Le feu enfermé dans le foyer fut sans doute pour l'homme le premier sujet de rêverie, le symbole du repos, l'invitation au repos.
La conquête du superflu donne une excitation spirituelle plus grande que la conquête du nécessaire. L'homme est une création du désir, non pas une création du besoin.
En vérité, le feu fut surpris en nous avant d'être arraché du Ciel.
On ne peut étudier que ce qu'on a d'abord rêvé. La science se forme plutôt sur une rêverie que sur une expérience et il faut bien des expériences pour effacer les brumes du songe.

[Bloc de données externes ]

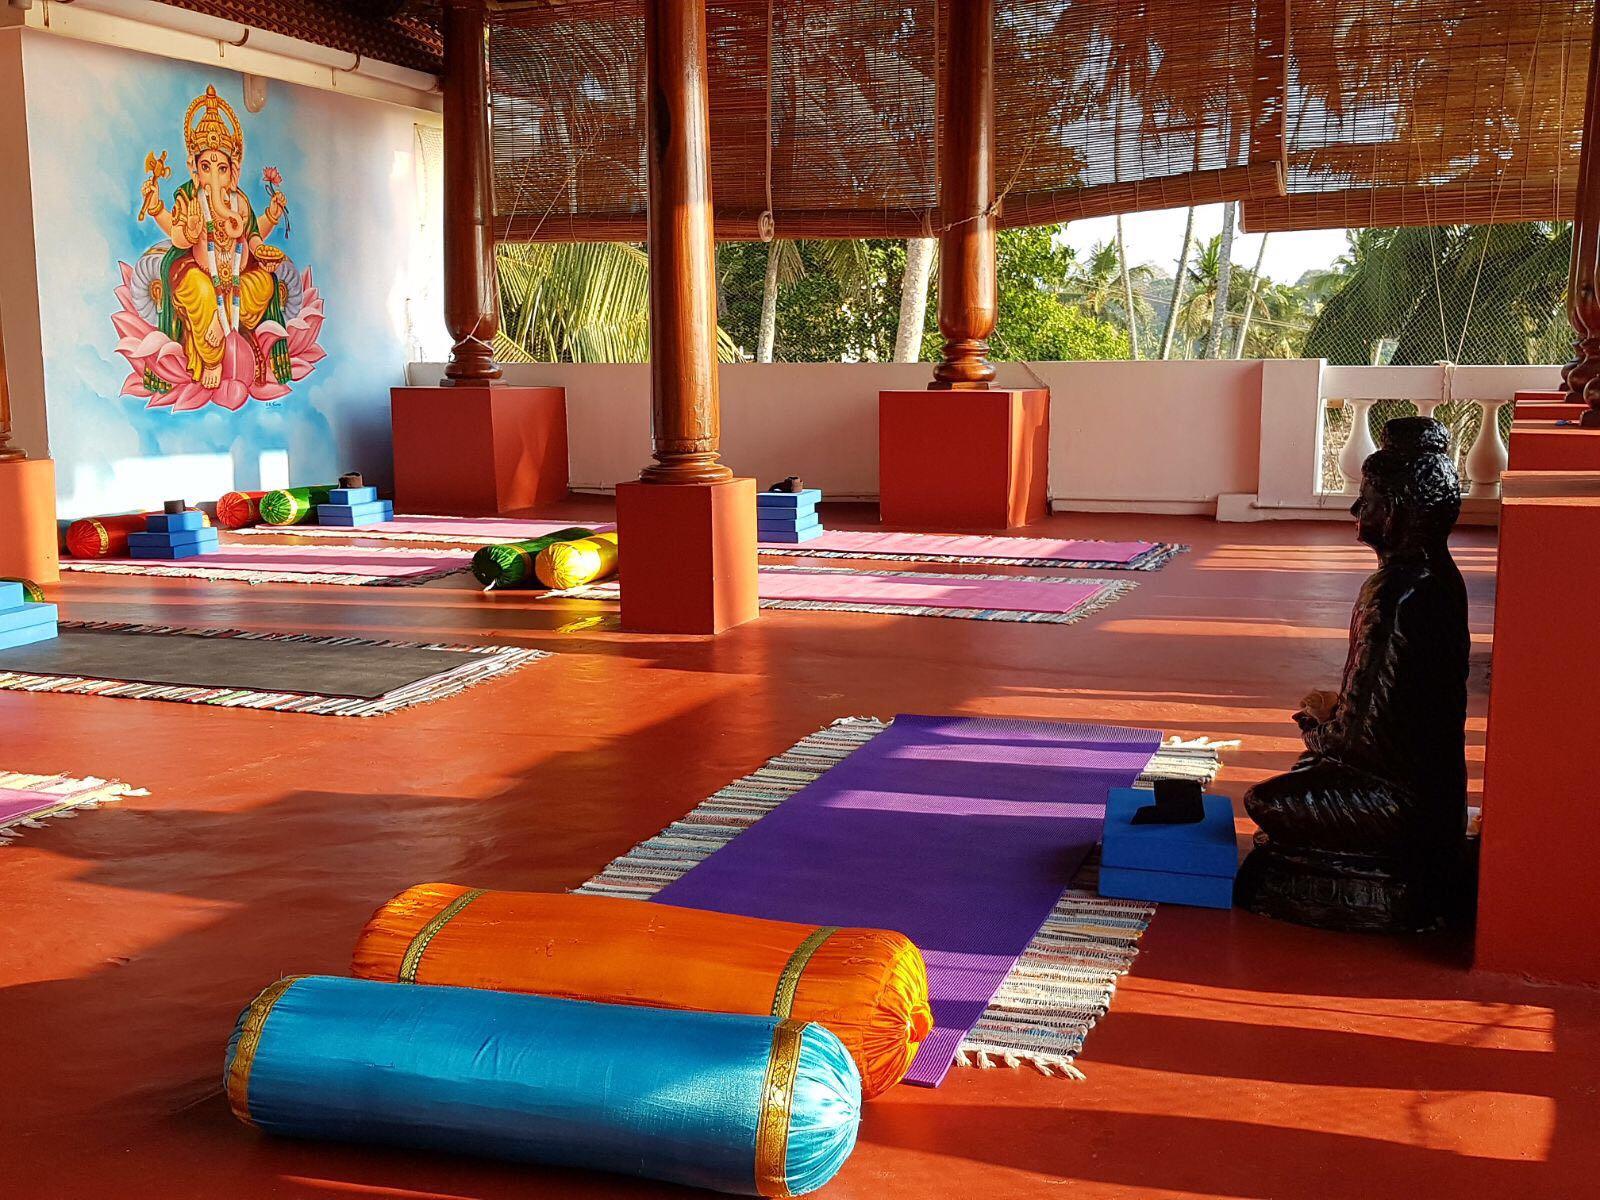 Palm Tree Yoga Kerala, India – Yoga Retreat 2022

Les axes de la poésie et de la science sont d'abord inverses. Tout ce que peut espérer la philosophie, c'est de rendre la poésie et la science complémentaires, de les unir comme deux contraires bien faits. Il faut donc opposer à l'esprit poétique expansif, l'esprit scientifique taciturne pour lequel l'antipathie préalable est une saine précaution.
Le rêve chemine liénairement, oubliant son chemin en courant. la rêverie travaille en étoile. Elle revient à son centre pour lancer de nouveaux rayons.
Par le feu tout change. Quand on veut que tout change on appelle le feu. Le premier phénomène, c'est non seulement le phénomène du feu contemplé, en une heure oisive, dans sa vie et dans son éclat, c'est le phénomène par le feu. Le phénomène par le feu est le plus sensible de tous ; c'est celui qu'il faut le mieux surveiller ; il faut l'activer ou le ralentir ; il faut saisir le point de feu qui marque une substance comme l'instant d'amour qui marque une existence.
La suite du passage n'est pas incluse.